Metadata-Version: 2.4
Name: b12x
Version: 0.12.3
Summary: Unapologetically SM120-only CuTe DSL kernels for NVFP4 GEMM and MoE.
Author: Luke
License: Apache-2.0
Requires-Python: <4.0,>=3.10
Description-Content-Type: text/markdown
Requires-Dist: torch>=2.10.0
Requires-Dist: cuda-python
Requires-Dist: nvidia-cutlass-dsl>=4.4.1
Requires-Dist: nvidia-cutlass-dsl-libs-base>=4.4.1
Requires-Dist: nvidia-cutlass-dsl-libs-cu13>=4.4.1
Requires-Dist: apache-tvm-ffi!=0.1.8,!=0.1.8.post0,<0.2,>=0.1.6
Requires-Dist: rich>=13
Requires-Dist: fastapi>=0.115
Requires-Dist: uvicorn>=0.34
Requires-Dist: transformers>=4.51
Requires-Dist: safetensors>=0.6
Provides-Extra: dev
Requires-Dist: pytest; extra == "dev"


`b12x` is an SM120/SM121 CuTe DSL kernel library for (primarily) NVFP4 LLM inference.
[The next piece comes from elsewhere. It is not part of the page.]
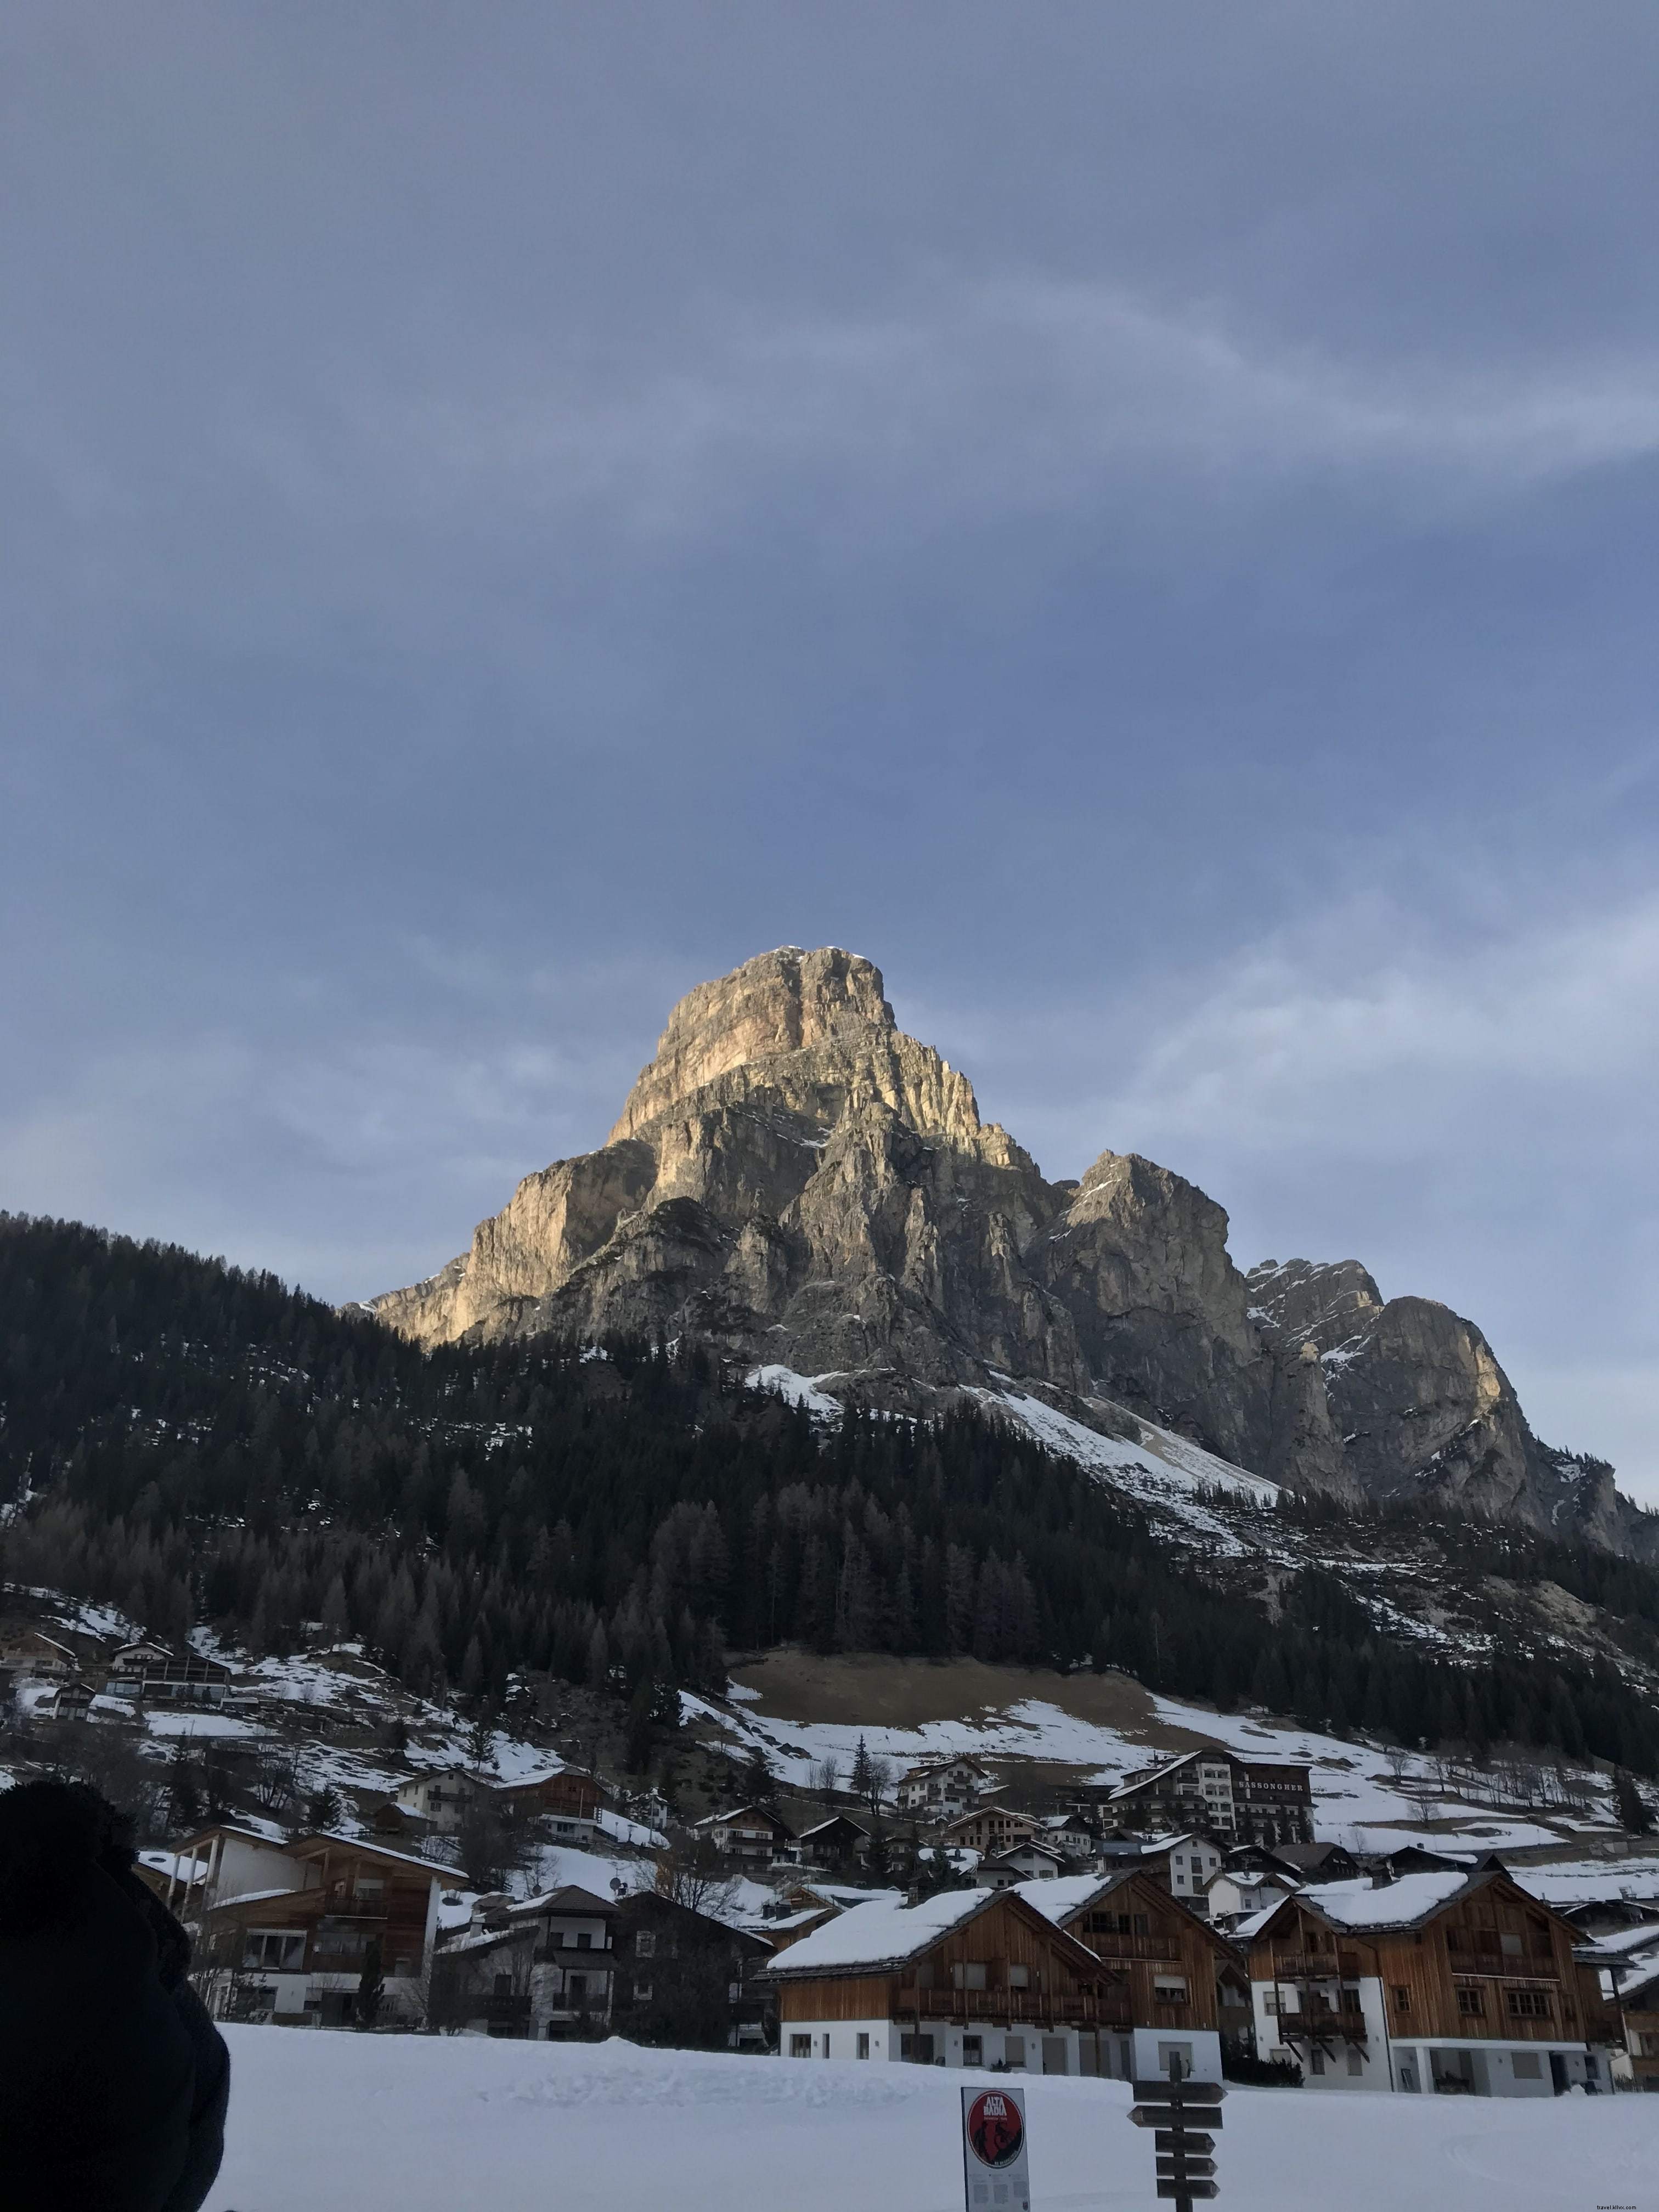 Atap Tertutup Salju Dengan Gunung Besar Di Belakang Mereka Foto

It is intentionally narrow. This is not a generic CUDA kernel collection or a
full model-serving stack. It does not intend to target any other GPU architectures,
including SM100. It is a focused package for a small number of high-performance
kernels plus the runtime glue needed to launch them cleanly from `sglang`/`vllm`.

Currently supported kernels:
- NVFP4 fused MoE GEMM
- NVFP4 dense GEMM
- BF16/FP8 paged attention
- Sparse MLA attention (for DSA/NSA only).

```bash
pip install b12x
```

Ask your friendly neighborhood AI agent for further information on how to use this library.